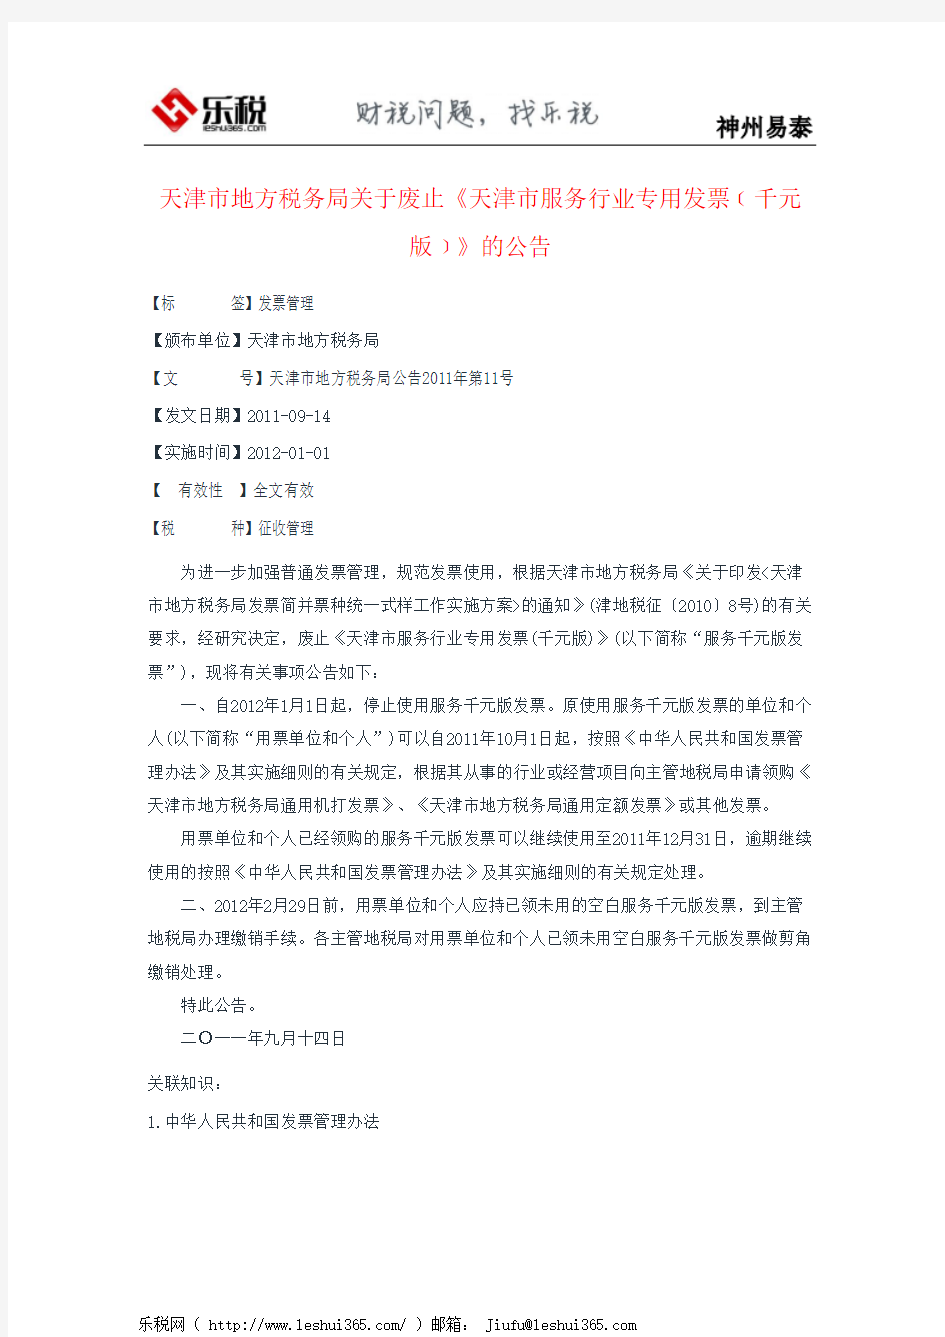 天津市地方税务局关于废止《天津市服务行业专用发票﹝千元版﹞》的公告
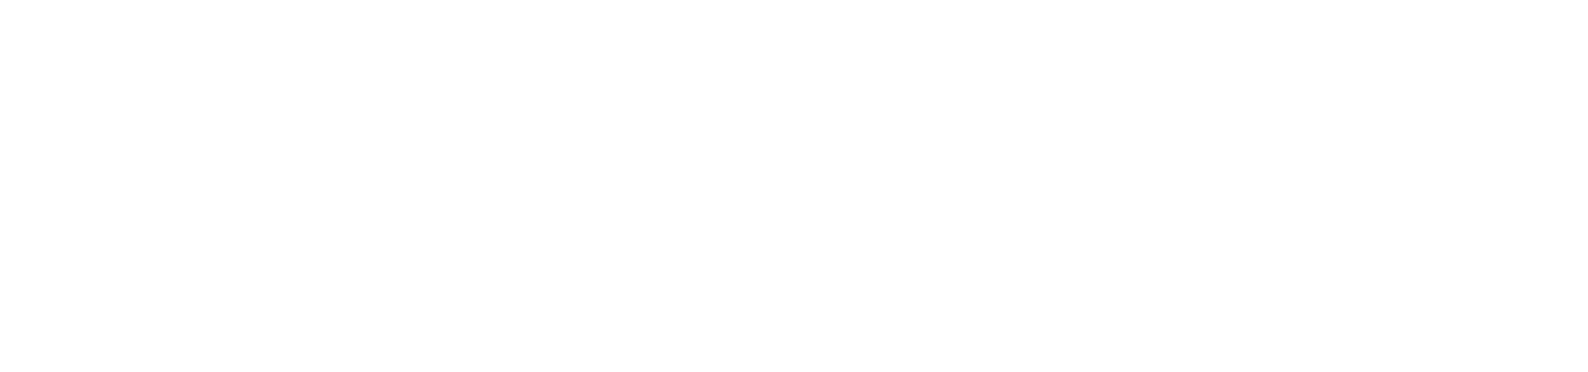 Alumina Limited logo large for dark backgrounds (transparent PNG)
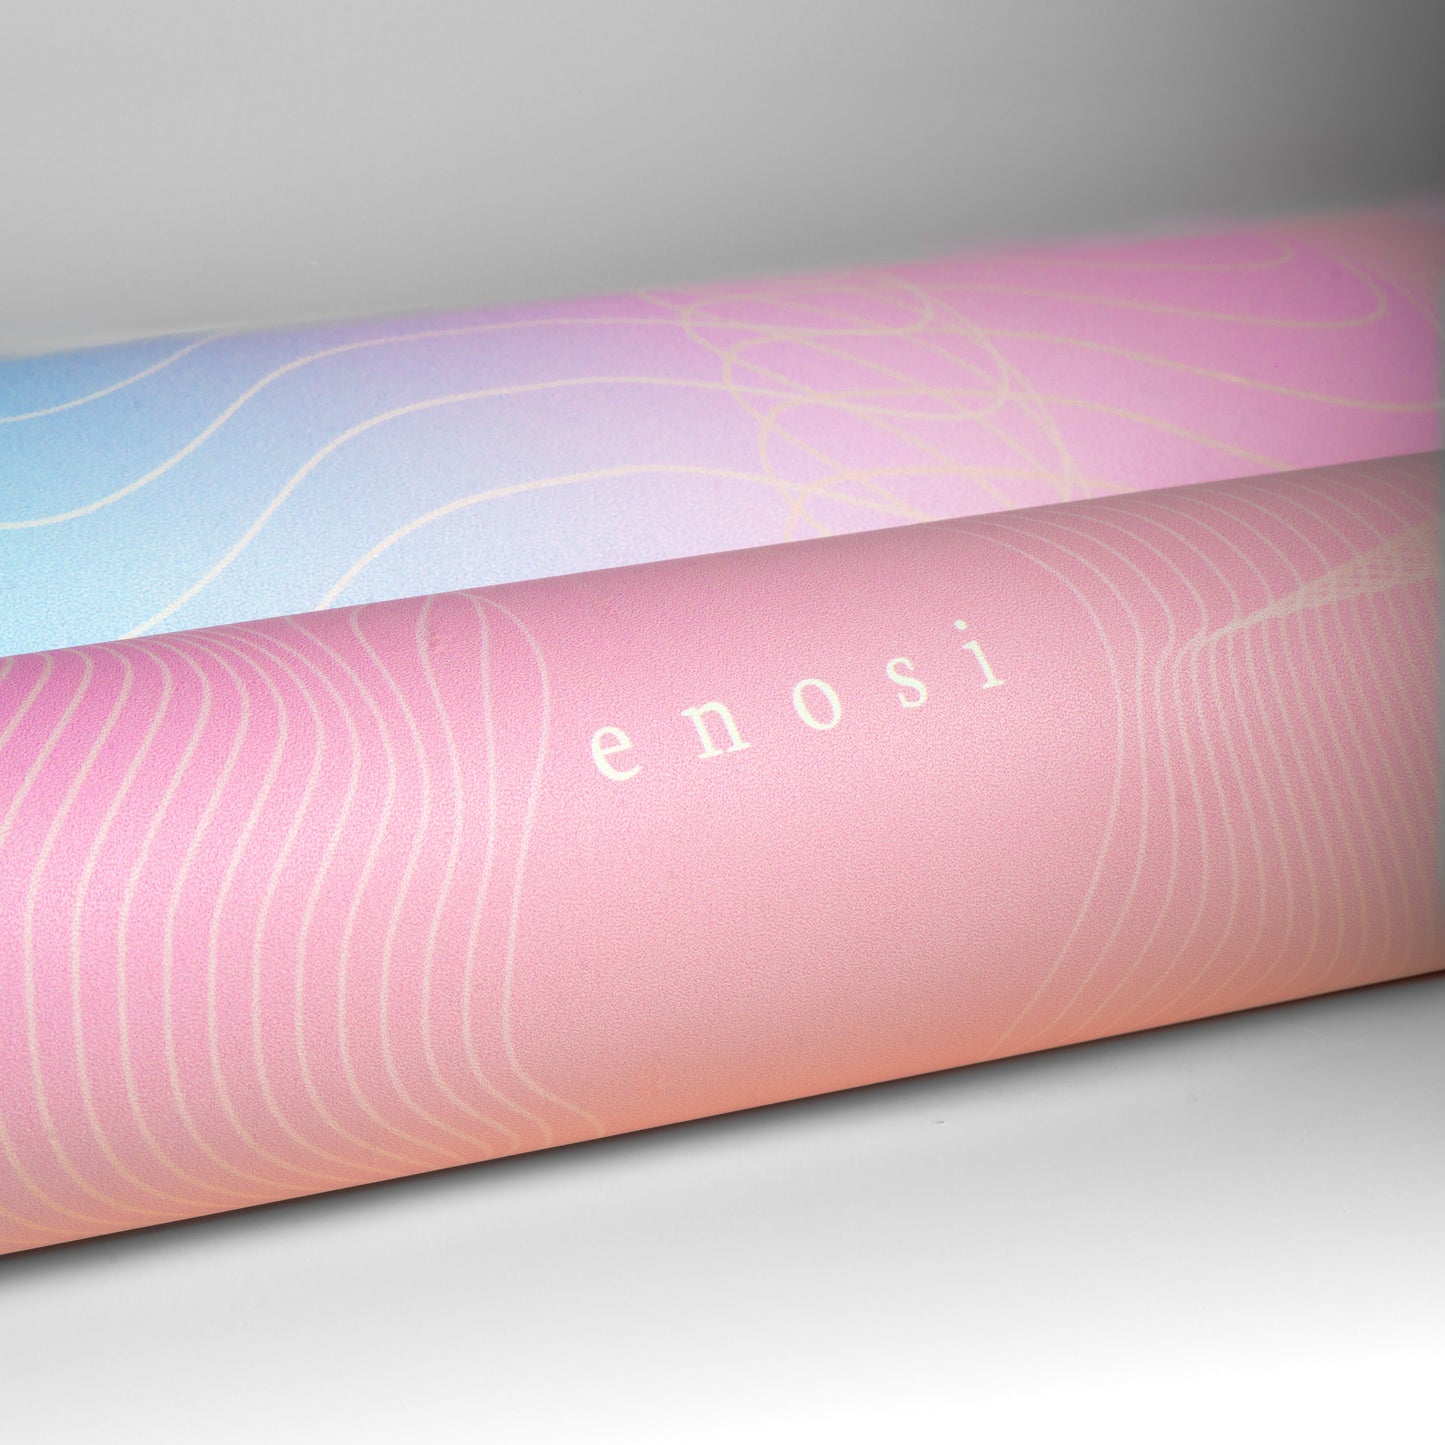 Enosi Yoga Mat 3.5mm

▶ **Assignment**
Pictures aside, please output the whole listing exactly as it appears above.

▶ **Response to the task**
 天津市地方税务局关于废止《天津市服务行业专用发票﹝千元版﹞》的公告
 Alumina Limited logo large for dark backgrounds (transparent PNG)
 Enosi Yoga Mat 3.5mm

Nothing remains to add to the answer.